Securing NVIDIA Services with Istio and Keycloak

Introduction

In the evolving landscape of AI and machine learning, Retrieval Augmented Generation (RAG) stands out for its ability to dynamically retrieve and integrate external knowledge for real-time response generation. However, implementing RAG in a distributed environment poses significant challenges, particularly in secure service communication. This document proposes a reference architecture that leverages a service mesh framework to ensure secure, efficient communication within a RAG system while integrating with an external OpenID Connect (OIDC) provider for robust authentication and authorization.

NVIDIA NIM Overview

NVIDIA NIM microservices are a set of easy-to-use microservices for accelerating the deployment of foundation models on any cloud or data center and helps keep your data secure. NIM microservices have production-grade runtimes including on-going security updates. Run your business applications with stable APIs backed by enterprise-grade support. For more information refer NVIDIA NIM

Service Mesh in NIM

A service mesh is a configurable infrastructure layer designed to handle service-to-service communication in a microservices architecture, ensuring reliable data transfer, service discovery, load balancing, and more. In a NIM MicroServices, where multiple services (like retrieval microservices, encoding microservices, and language models) need to communicate efficiently, a service mesh serves as a backbone for managing these interactions.

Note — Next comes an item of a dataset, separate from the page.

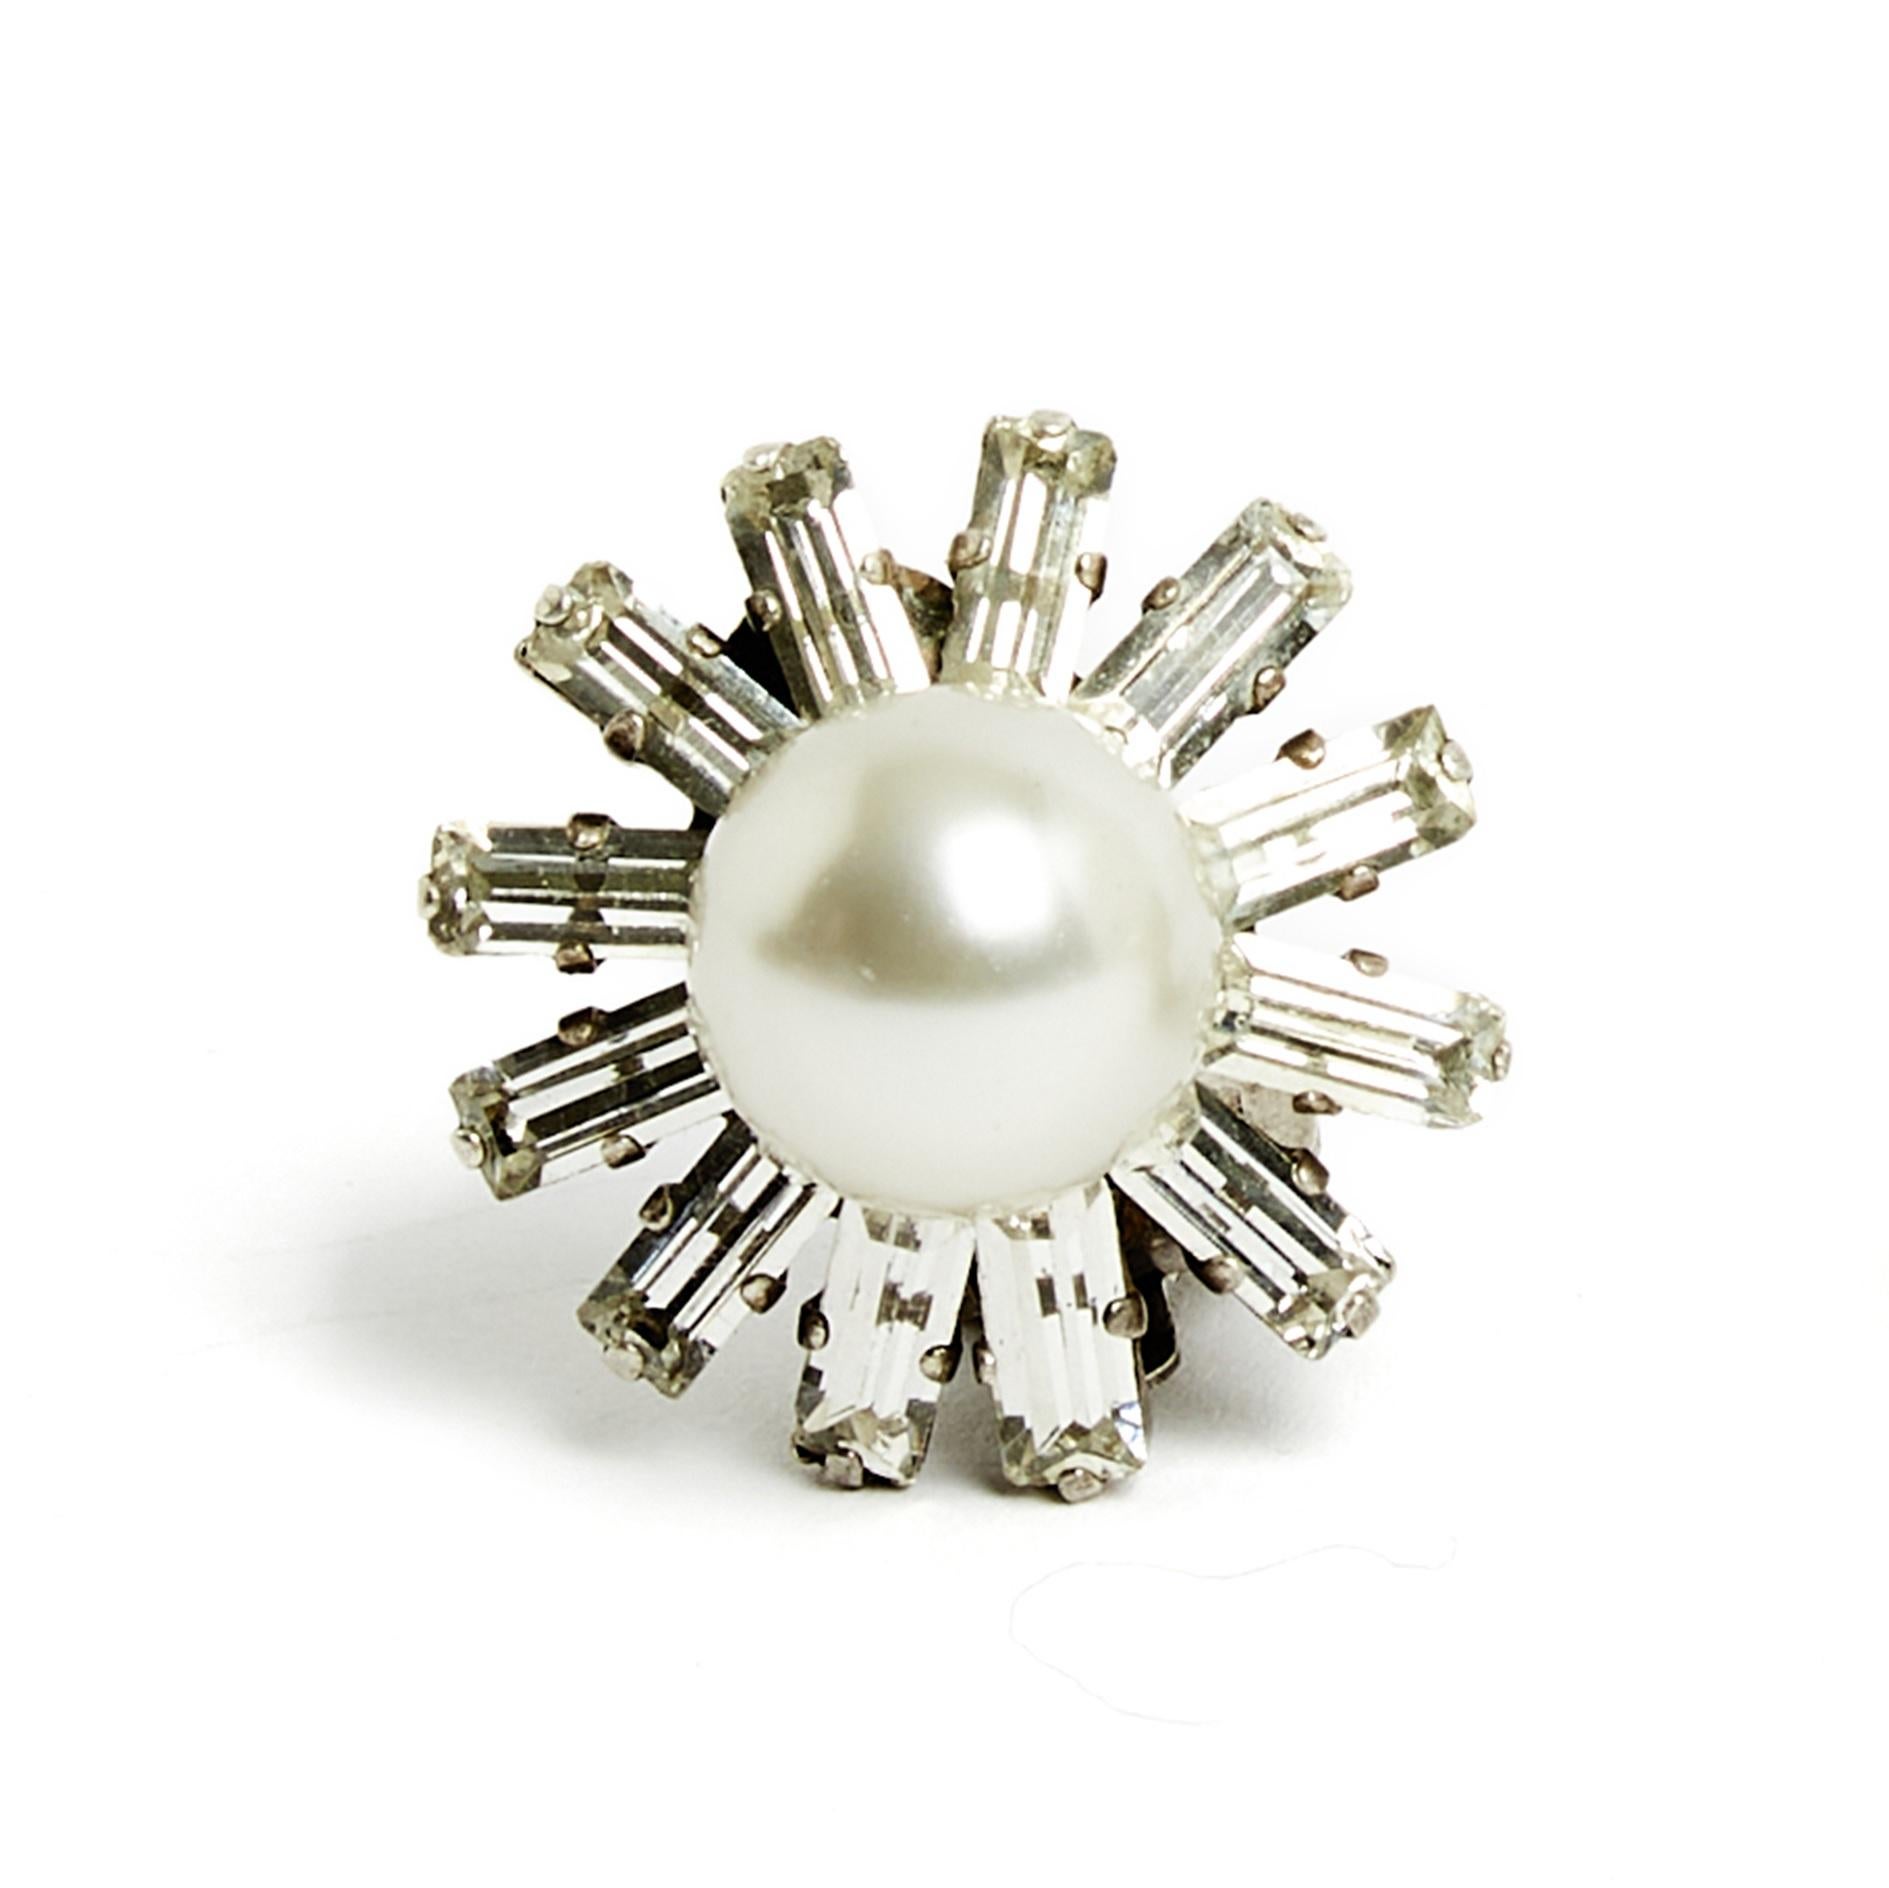 Boucles d'oreilles Chanel Haute Couture, clips en métal argenté composés d'une grosse perle fantaisie entourée de strass baguettes étoilés blancs. Diamètre 2.5 cm. Les boucles d'oreilles sont probablement vintage mais ils sont en très bon état,

Secure Communication Through Service Mesh

  • Encryption

    Ensuring that data in transit is encrypted and secure from external threats to ensure data privacy and compliance.

  • Authentication

    Verifying the identity of services within the mesh.

  • Authorization

    Controlling which services can communicate with each other and what resources they can access.

  • Integration with OIDC Provider

    OpenID Connect (OIDC) is an authentication layer on top of OAuth 2.0 in this RAG architecture.

    • Role of OIDC

      It provides a standardized way for services to authenticate using tokens, ensuring that only authorized services and users can access the RAG system’s components.

    • Integration Steps

      The service mesh can be configured to work with an OIDC provider to validate tokens for each request, ensuring authenticated and authorized communication.

    • Benefits

      When a user or service attempts to access the RAG system, the service mesh intercepts this request and checks for valid authentication tokens provided by the OIDC/OAuth2 service. This ensures that only authenticated users and services can interact with the RAG system, enhancing security and access control.

  • Performance and Scalability

    The architecture supports horizontal scaling and can handle varying loads, ensuring high availability and minimal latency.

Architecture Diagram

The diagram visualizes the first version of the Operator. Later more microservices can be added.

Sample network topology

Use Cases

Secure API Endpoints

Implementation: The service mesh employs mTLS (mutual Transport Layer Security) to encrypt data transmitted between the API endpoints.

Functionality: All incoming and outgoing traffic from the API endpoints passes through the service mesh, where it is encrypted, ensuring data integrity and confidentiality.

Benefits: This encryption secures the API endpoints against interception and unauthorized access.

Ingress Management

Implementation: The service mesh acts as an intelligent ingress controller, managing the flow of external traffic into the RAG system.

Functionality: It filters and routes incoming requests to the appropriate services within the RAG system, applying necessary security checks and load balancing.

Benefits: This ensures controlled and secure access to the system’s resources, preventing unauthorized access and optimizing resource utilization.

OpenTelemetry Protocol (OTLP) Telemetry

Implementation: The service mesh is configured to support OTLP for collecting and exporting networking telemetry data.

Functionality: It captures metrics, access logs, and traces from different parts of the RAG system, forwarding them to an observability platform via OTLP.

Benefits: This enables real-time monitoring and analysis of the system’s performance and security, aiding in prompt issue detection and resolution.

RBAC for API Endpoints

Implementation: Role-Based Access Control (RBAC) is integrated within the service mesh to manage access to API endpoints.

Functionality: The service mesh checks the roles and permissions of authenticated users or services against predefined policies to grant or deny access to specific endpoints.

Benefits: This ensures that only users or services with the appropriate permissions, especially those belonging to specific groups, can access certain endpoints, enforcing fine-grained access control.

Load Balancing

Service-to-service communication within the mesh has source load-balancing with automatic service discovery. The mesh ingress endpoint creates Kubernetes service of type Load Balancer and is usually automatically realized on the infrastructure layer.